Dove agite e perché proprio in questi luoghi?
Agiamo principalmente nei mercati scoperti, che sono uno dei luoghi in cui avviene più spreco e allo stesso tempo in cui è più facile fare aggregazione e inclusione sociale. Nei mercati passa tanta gente che si ferma al nostro banchetto anche solo per curiosità! Divulgare il nostro progetto nelle strade è una delle cose più belle.
Agiamo nei mercati rionali perché ci occupiamo di recuperare principalmente frutta e verdura e perché sono dei punti importanti di rappresentanza del commercio locale, aspetto a cui diamo molto valore. E abbiamo scelto tali luoghi per far sì di ottimizzare il recupero del fresco, che nei mercati è preponderante, e anche per tentare di riqualificare l’immagine dei mercati stessi, che sono dei micro-cosmi che non devono essere abbandonati.
Come avviene il processo di scelta dei mercati, recupero della merce invenduta e redistribuzione?
I mercati in cui iniziamo a recuperare sono quelli in cui abbiamo un numero minimo di persone RECUP disponibili. La raccolta è molto semplice: ci si incontra a fine mercato, si fa un giro tra le bancarelle chiedendo se c’è del cibo invenduto che ci possono donare e poi si porta tutto in un punto del mercato in cui allestiamo un banchetto. Chiunque collabora al recupero, può portarsi a casa quello che desidera. Su Roma collaboriamo principalmente con associazioni. La scelta dei mercati va in base alla disponibilità a collaborare dei commercianti del mercato stesso.
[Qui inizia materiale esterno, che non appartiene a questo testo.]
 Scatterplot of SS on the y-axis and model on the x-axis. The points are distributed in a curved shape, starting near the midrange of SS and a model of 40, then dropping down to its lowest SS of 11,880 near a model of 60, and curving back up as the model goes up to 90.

Quali sono gli alimenti maggiormente recuperati?
Per lo più frutta e verdura. L’alimento più recuperato in assoluto è la banana, da cui deriva la lettera “C” inserita nel nostro logo. Fortunatamente la merce varia molto in base alle stagioni e all’andamento dei prezzi: in estate melanzane, zucchine, pesche e albicocche vanno per la maggiore; in autunno verdura a foglia, broccoli, uva, kiwi e mele; in inverno carciofi, verdure a foglia, agrumi e ancora mele, mentre in primavera fragole e ancora fragole.
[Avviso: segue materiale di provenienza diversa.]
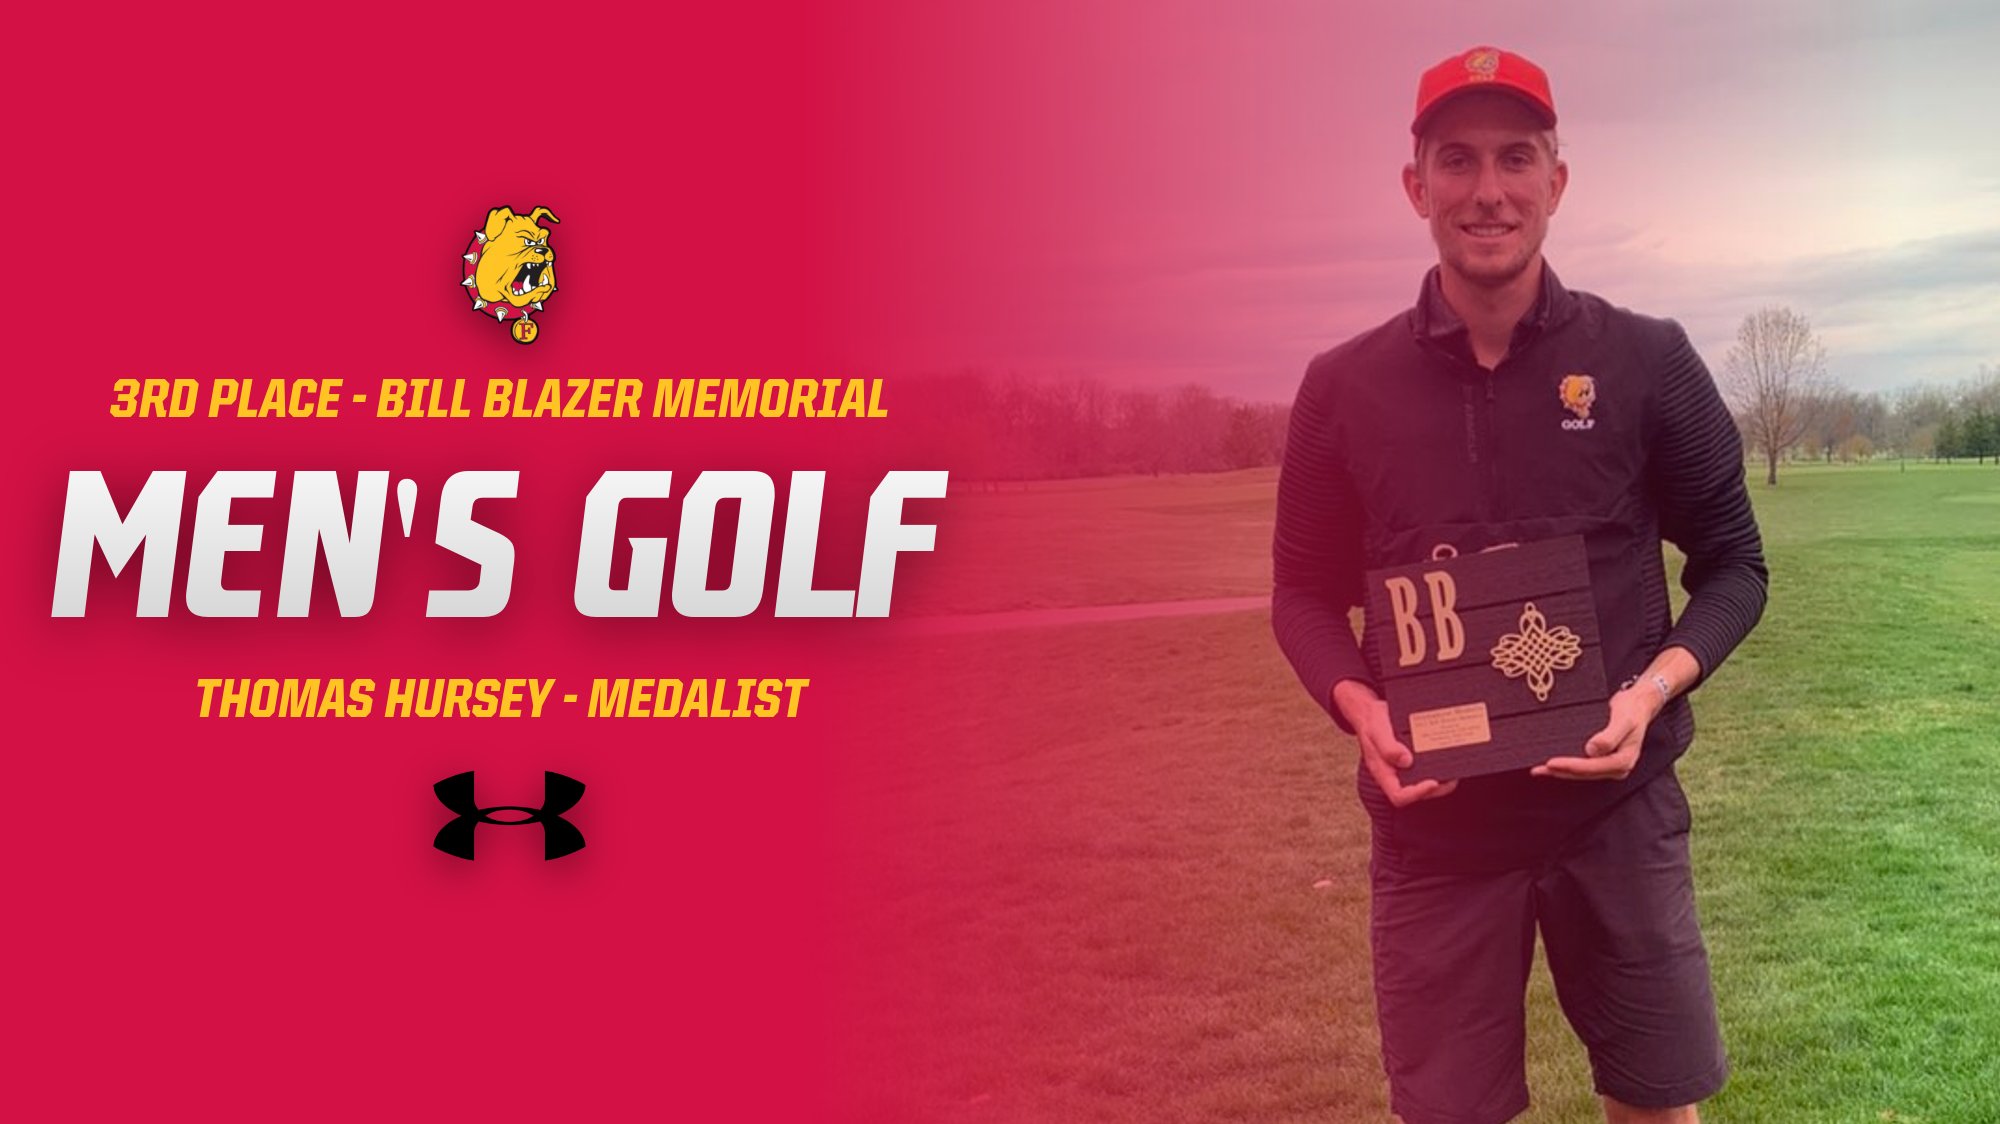 Ferris State Men's Golf Finishes Third As Hursey Wins Second-Straight Medalist Honor

Perché è importante recuperare gli invenduti dei mercati e poi ridistribuirli?
Sprecare cibo vuol dire sprecare tutte le risorse che sono state impiegate nel produrre quel cibo: del suolo, idriche, elettriche, dei lavoratori e così via. Noi cerchiamo di ridare un valore sociale a quel cibo che ha perso valore economico e soprattutto vogliamo contribuire alla lotta allo spreco e restituire un valore anche e soprattutto sociale a quel cibo che arriva dalla terra, frutto di duro lavoro, di ingiustizie sociali e climatiche, troppo spesso nascoste e minimizzate. Per restituire valore e visibilità al mercato rionale, in un momento in cui il contatto tra la campagna e la città è sulla bocca di tanti e il mercato rappresenta una soluzione da sempre.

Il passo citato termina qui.